Un documento che svela una situazione ancora più grave di quanto si pensasse. Non solo i quattro consorzi commissariati non hanno alcuna capacità di autosostenersi senza i soldi della Regione, ma la mancata riscossione dei contributi di bonifica, alla quale si sono opposti gli stessi consiglieri regionali che poi si strappano i capelli quando si tratta di votare il contributo straordinario, rischia di paralizzare definitivamente una macchina già disastrata. Al 30 giugno 2015, i debiti dei consorzi ammontavano a 109 milioni, cui sommare i 124 milioni di anticipazioni regionali: il totale fa 233 milioni.

Questo significa che da dicembre 2011, fermo restando l’importo delle anticipazioni, il debito - grazie al lavoro di Stanco - si è ridotto di 40 milioni di euro. Ma, dice ora il commissario, negli ultimi 4 anni il Consiglio regionale si è dimenticato di «normare sulla debitoria pregressa»: il disegno di legge che prevedeva una rateizzazione dei debiti, con garanzia regionale e previa rinuncia agli interessi, «è presumibile che non sia neppure pervenuto alla cognizione della giunta regionale». Invece sono stati redatti i piani industriali dei consorzi commissariati in cui, nota divertito Stanco, si ipotizzava di chiudere la partita pagando il 30% del dovuto alle banche, il 50% ai privati e zero alle pubbliche amministrazioni.

«Non si comprende in dipendenza di quale potestà persuasiva e/o costrittiva - scriveva il commissario - i Consorzi possono indurre i creditori a ridimensionare in maniera drastica i propri crediti e, per quanto riguarda gli enti istituzionali, ad abbandonarli del tutto». Il nodo centrale è che i consorzi, che gestiscono sia le bonifiche che l’irrigazione, ad oggi incassano pochi spiccioli e solo per la seconda voce. Stipendi e spese di funzionamento (tra cui alcuni sprechi, tipo le dighe mai entrate in funzione per le quali si pagano vigilanza e spese elettriche) vengono garantiti dai contributi della Regione, spesso erosi dai decreti ingiuntivi dei creditori. Nonostante la guerriglia dei Comuni, specie salentini, e dell’«altolà» lanciato all’epoca dal gruppo regionale del Pd, Stanco ha portato a termine la redazione dei piani di classifica, che stabiliscono chi deve pagare il contributo di bonifica e quanto.
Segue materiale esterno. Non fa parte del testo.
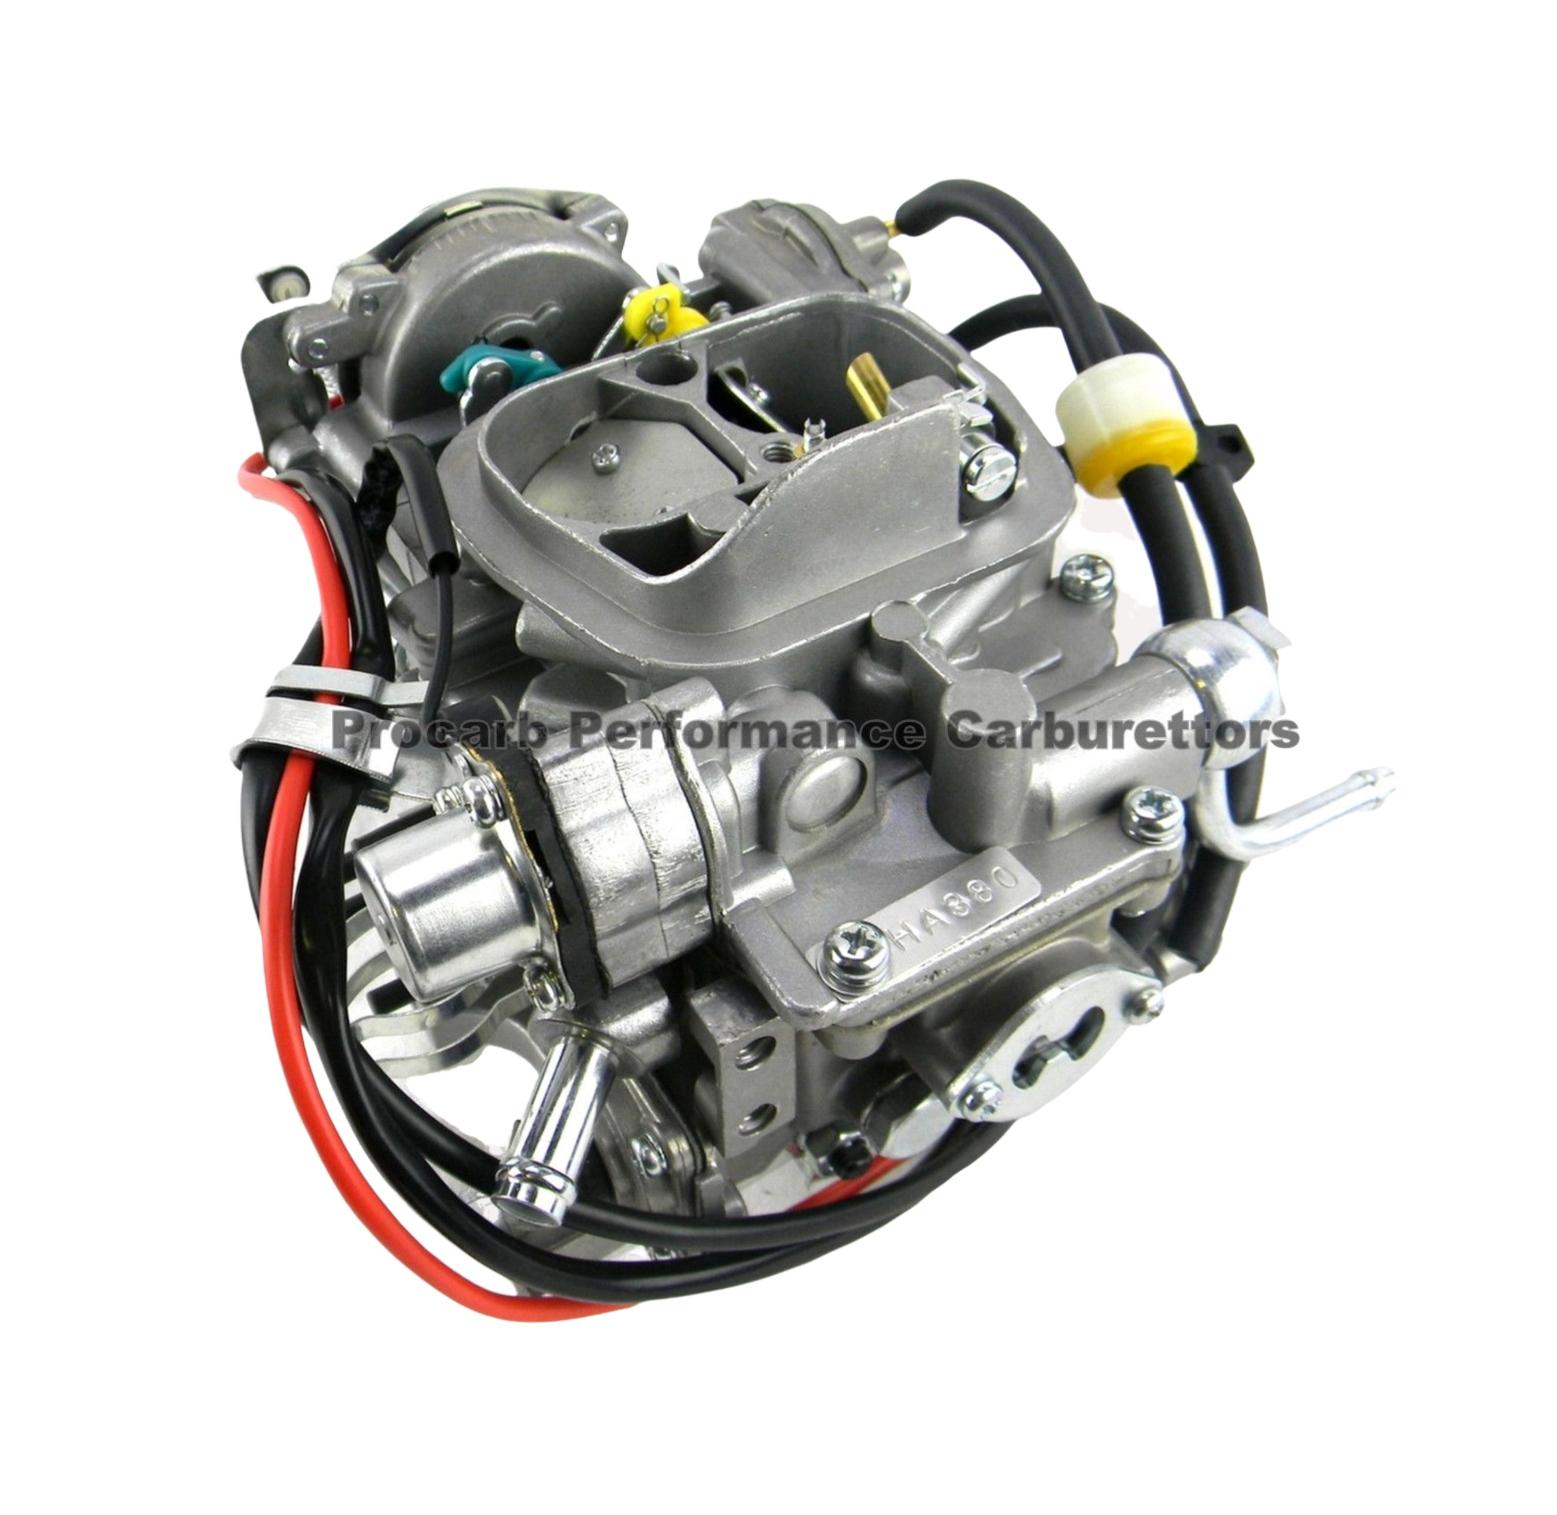 toyota-22r-carburettor.jpg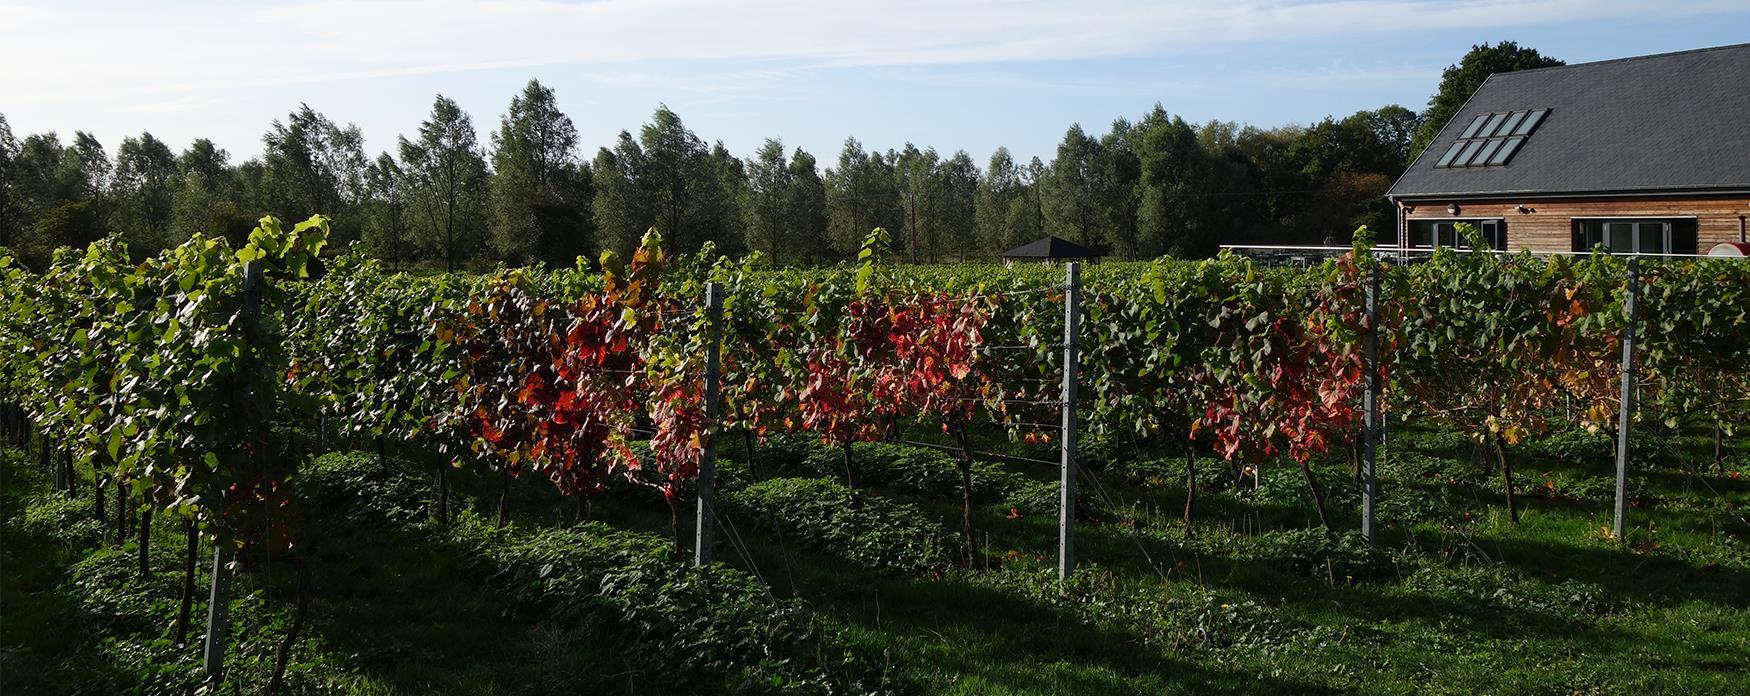 Vines turning golden in autumn

Ma nel 2014 la prima emissione dei ruoli «si imbattè in un percorso a ostacoli»: l’assessorato all’Agricoltura, su input delle organizzazioni di settore, ne ha chiesto una rimodulazione al ribasso per la quale è stato necessario un altro anno di lavoro. E anche quest’anno tutto ciò che i consorzi hanno potuto fare è una richiesta bonaria agli agricoltori, per lettera, del contributo, contro cui in Consiglio regionale si è assistito a una levata di scudi. Niente cartelle esattoriali, e dunque niente soldi. La patata bollente è dunque nelle mani del governatore Michele Emiliano e del neo-assessore Leo Di Gioia.

Uscirne non sarà facile. Anche perché non oltre a non incassare quanto dovuto per legge per l’anno in corso, i consorzi non possono richiedere nemmeno gli arretrati (gli ultimi 5 anni). Se non incassano, non possono effettuare le opere di bonifica e di manutenzione del suolo che infatti non si fanno da 10 anni. E dunque la Regione, attingendo dalle tasse di tutti i cittadini, sta continuando da anni a spendere 17 milioni l’anno soltanto per pagare gli stipendi.